▶ [Provided material]:
== Segment start ==

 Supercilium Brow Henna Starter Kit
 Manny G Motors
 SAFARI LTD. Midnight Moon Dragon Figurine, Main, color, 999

== Segment end ==

▶ [Task to carry out]: With nothing left out, copy the data above exactly.

▶ [Solution to the problem]:
 Supercilium Brow Henna Starter Kit
 Manny G Motors
 SAFARI LTD. Midnight Moon Dragon Figurine, Main, color, 999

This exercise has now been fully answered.